Is there anyway to revive from being on the brink of no return or is it a dead end? Me and my dp have been together for only 3 years. We are both in our young twenties and have had 2 dc. Our relationship has come with many struggles and all of our problems defiently put a strain on my attraction and feelings towards sex with him. We then had two children and of course birth and parenting didnt help. Also dp is quite a selfish inexperienced lover in bed so our sex life had never been amazing and quite one sided.
We have got to a stable point in our relationship now and both have agreed our sex life needs major working on. Problem is that im too comfortable with him to have see him in a sexual way anymore. On the flip side though in sexual acts I feel very uncomfortable with him, and overly self conscious. As you can imagine that is no way a sexy mood setter. Its like sex has become more of a task that i am hyoer aware that we need to do and are missing out on. We feel more like friends in that department. When we try to do anything I cant take it seriously, or get in the mood at all.
This hasnt been helped or encouraged by dps constant lack of change. I voice to him what I need/dont need in the bedroom but he never takes it on board. He always quick to jumo the gun, skip foreplay and instead gropes me down there. Most the time when we have sex its a quickie, I end up feeling abit raw and sore after and he rolls over and sleeps after a 3 min climax. Its all tragic really. Ive told him i need building up to, but it falls on deaf ears.

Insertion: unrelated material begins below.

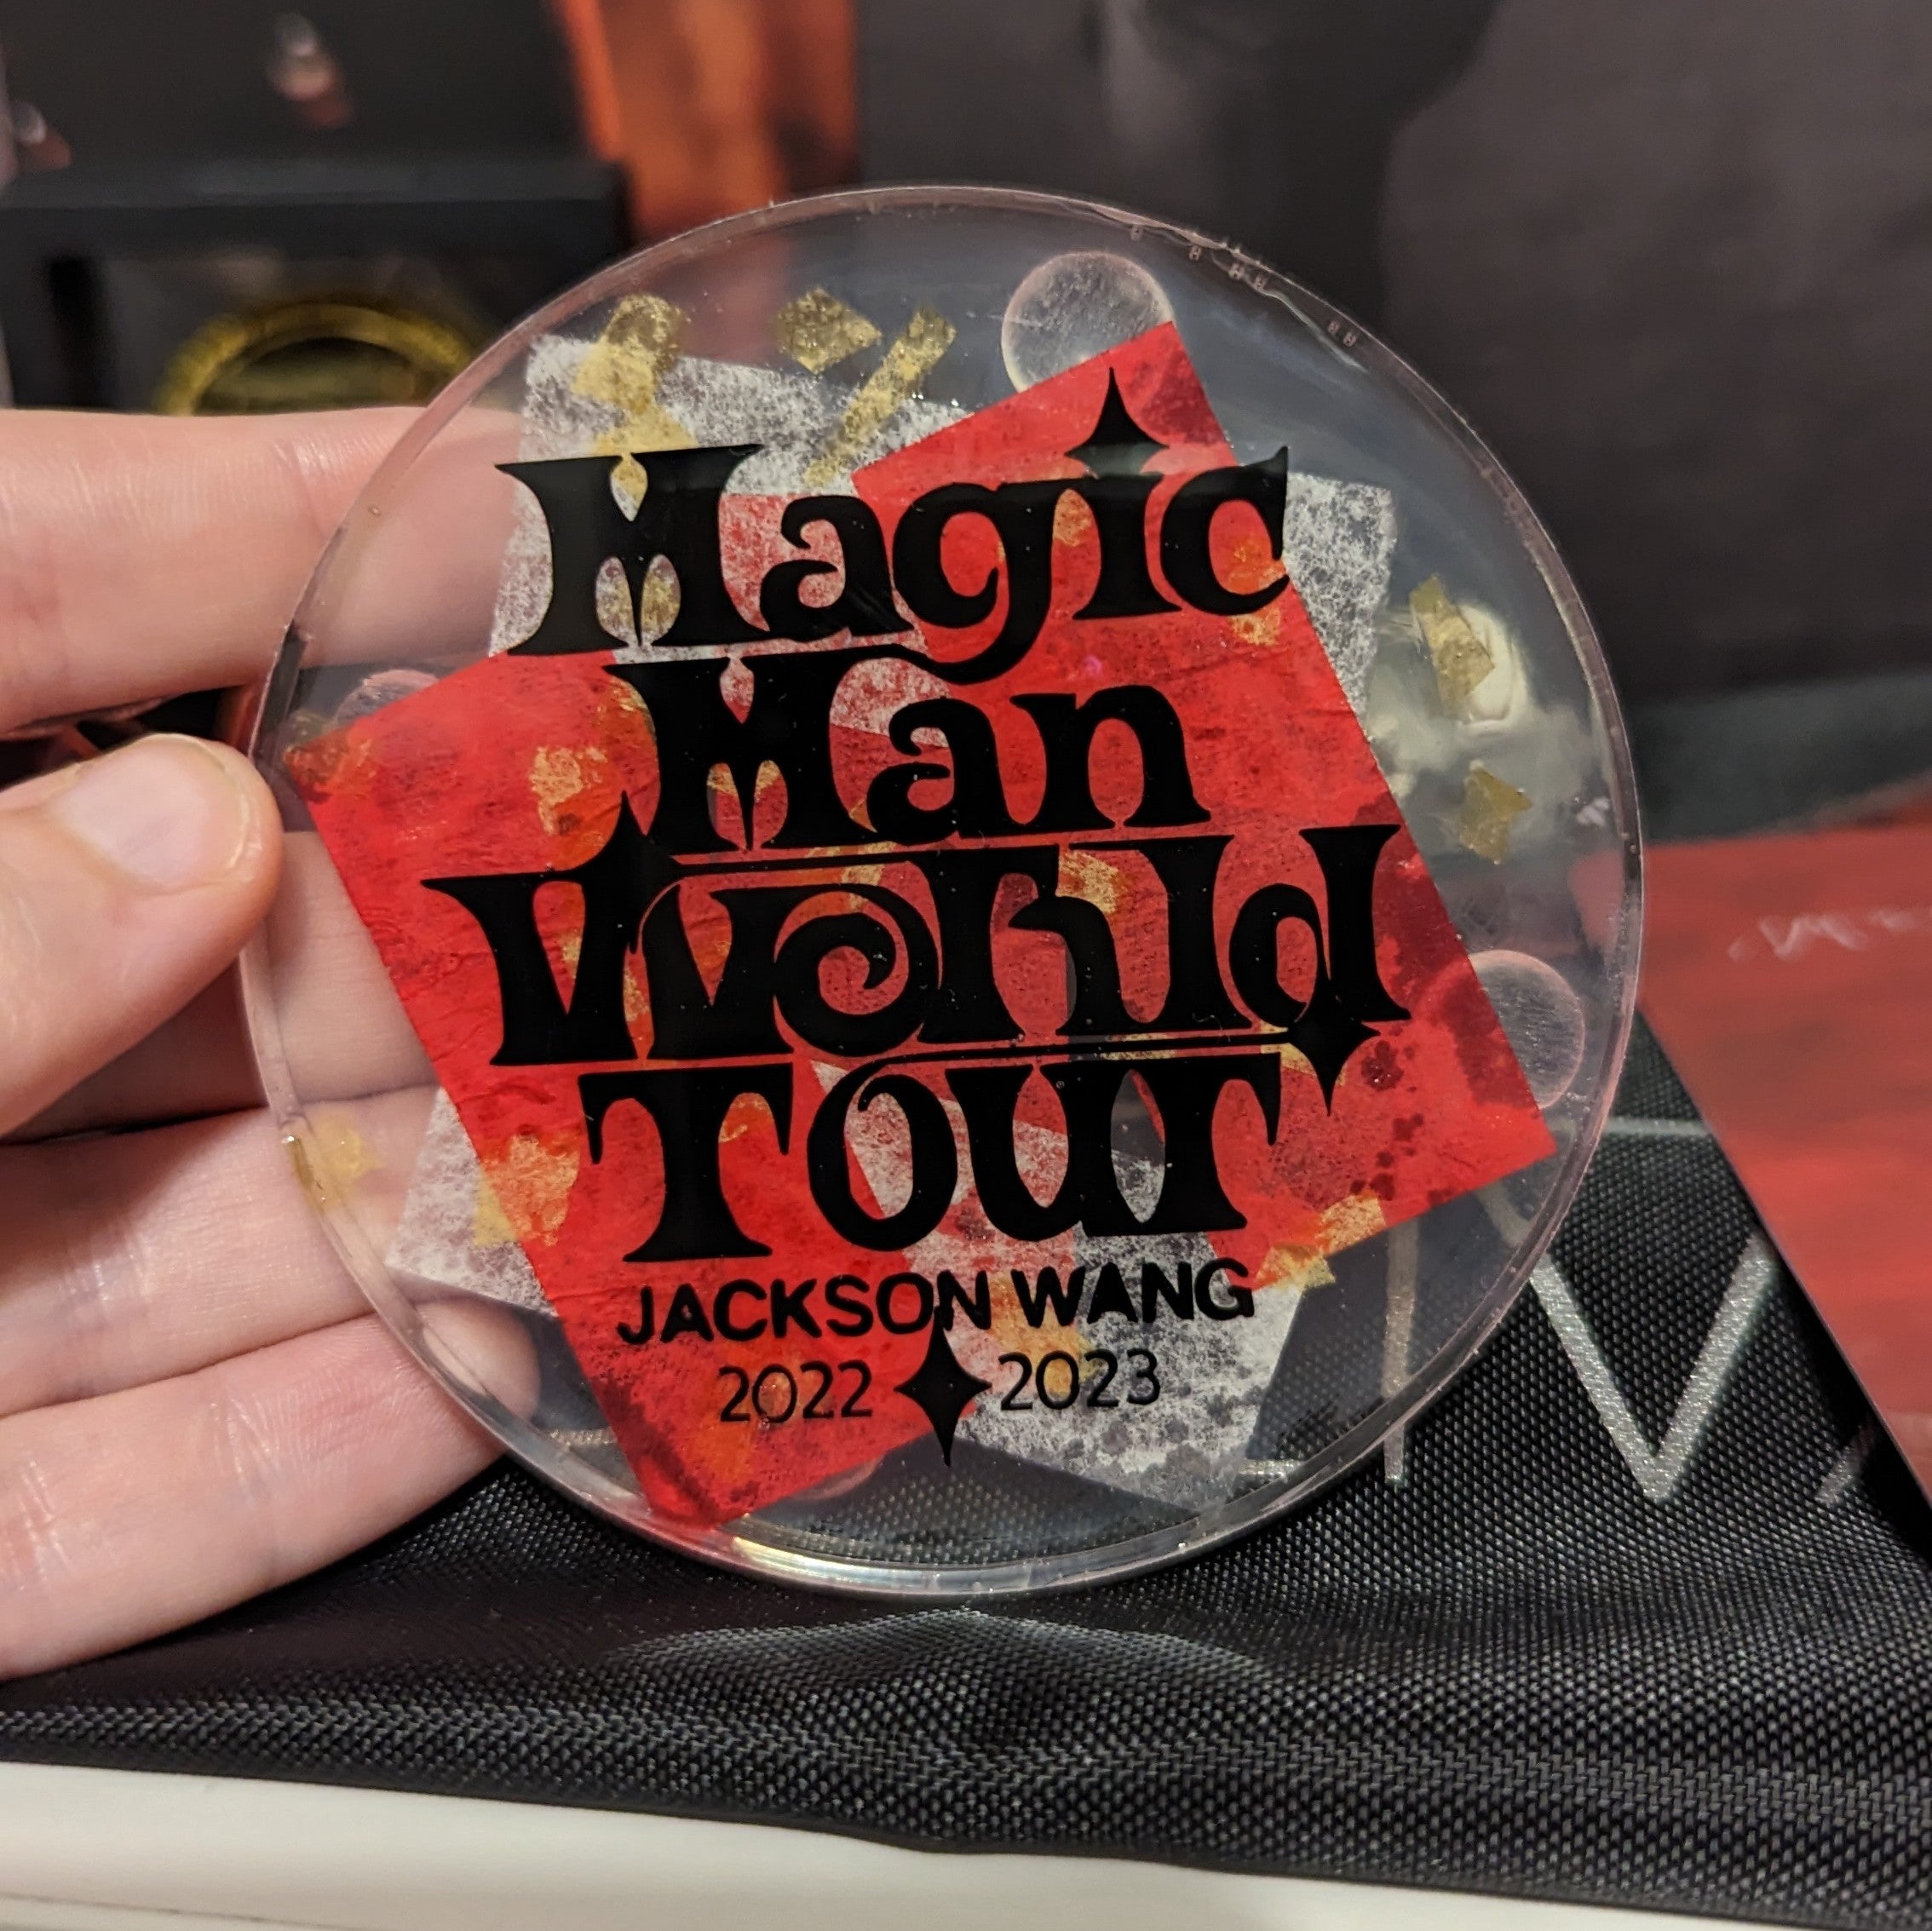 JACKSON WANG MAGIC MAN WORLD TOUR 2023 in South America
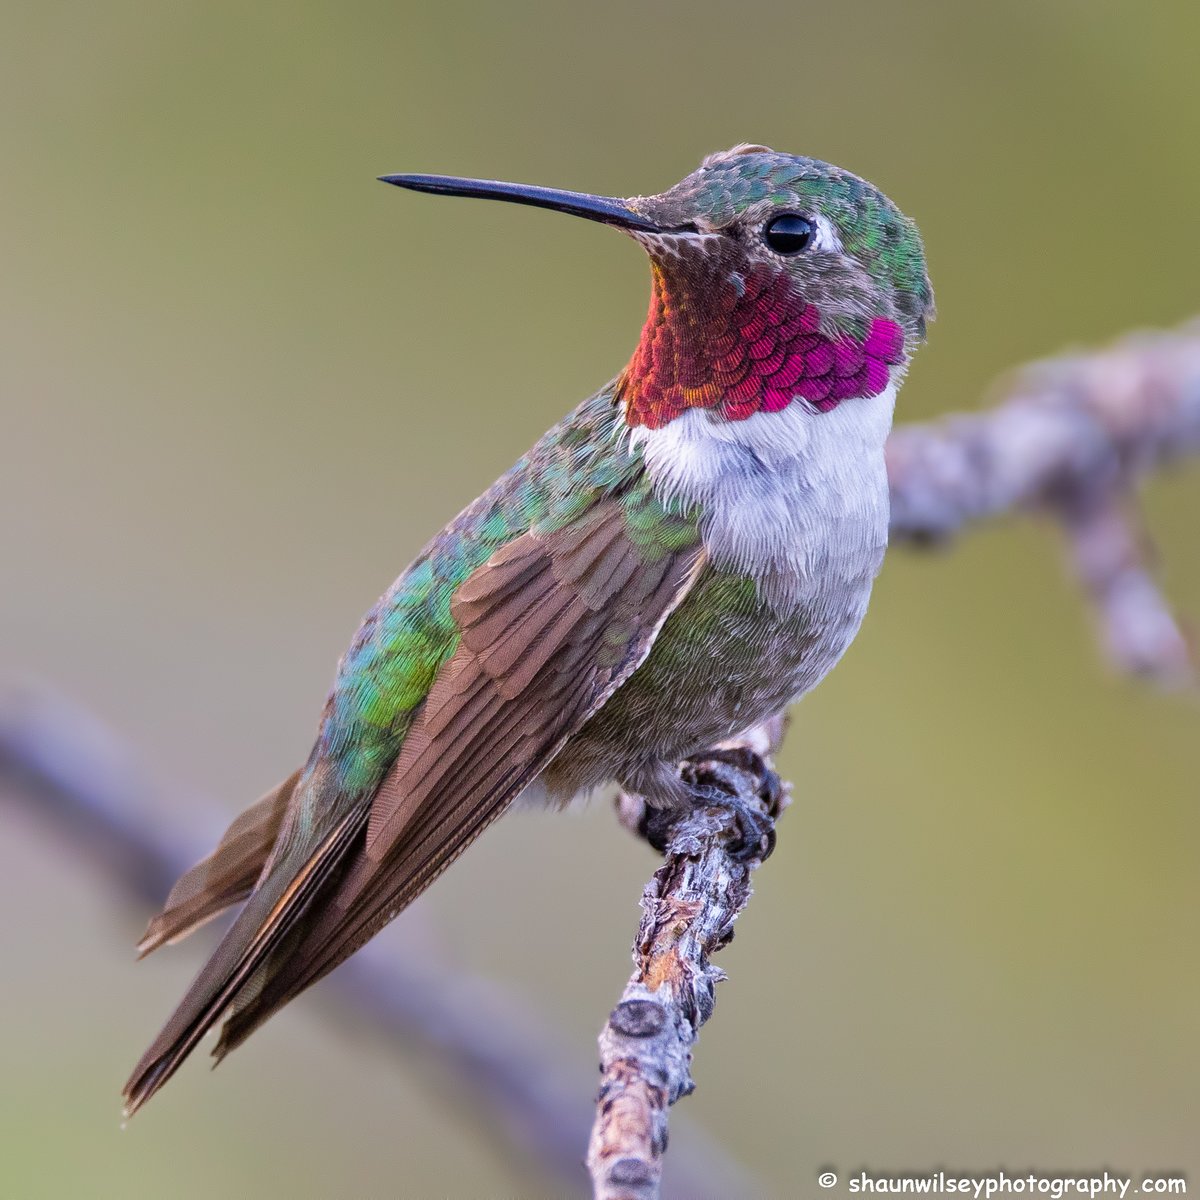 Broad-Tailed Hummingbird. Colorado 8/23/2022. #colorado #coloradophotography #photography #wildlife #wildlifephotography #bird #birds #hummingbird #hummingbirds #broadtailedhummingbird #broadtailedhummingbirds

I want to get in touch with my sexuality again. I feel stripped of it and feel cheated as I've never really had "amazing sex" (no one has ever made me finish) and im just too young to feel so defeated by it all being 24. Dp complained the other day that when he touches me now he gets no reaction from it and it is true, i dont feel anything when he touches me. My libido has been stripped from me since becoming a full time mum. My youngest is just turning 1.
Is this it for us? We have gone through such major big issues that I cant believe nor want to imagine sex being the thing that finalises us. Especially when im not even that bothered by it (yet somehow I am always the only one caring about it which annoys me in itself). I would be so angry if we broke up our lives and family over this but also on the flip side I am tired and found this situation depressing to be in. I feel that im missing out and fantasize about having a one night stand with someone just to see if I can revive those feelings I crave and miss so much.
Please any tips or stories on how you managed to get the attraction and spark back.
We have tried the going on dates(as much as you can do with dc) massages, naked cuddling to no avail!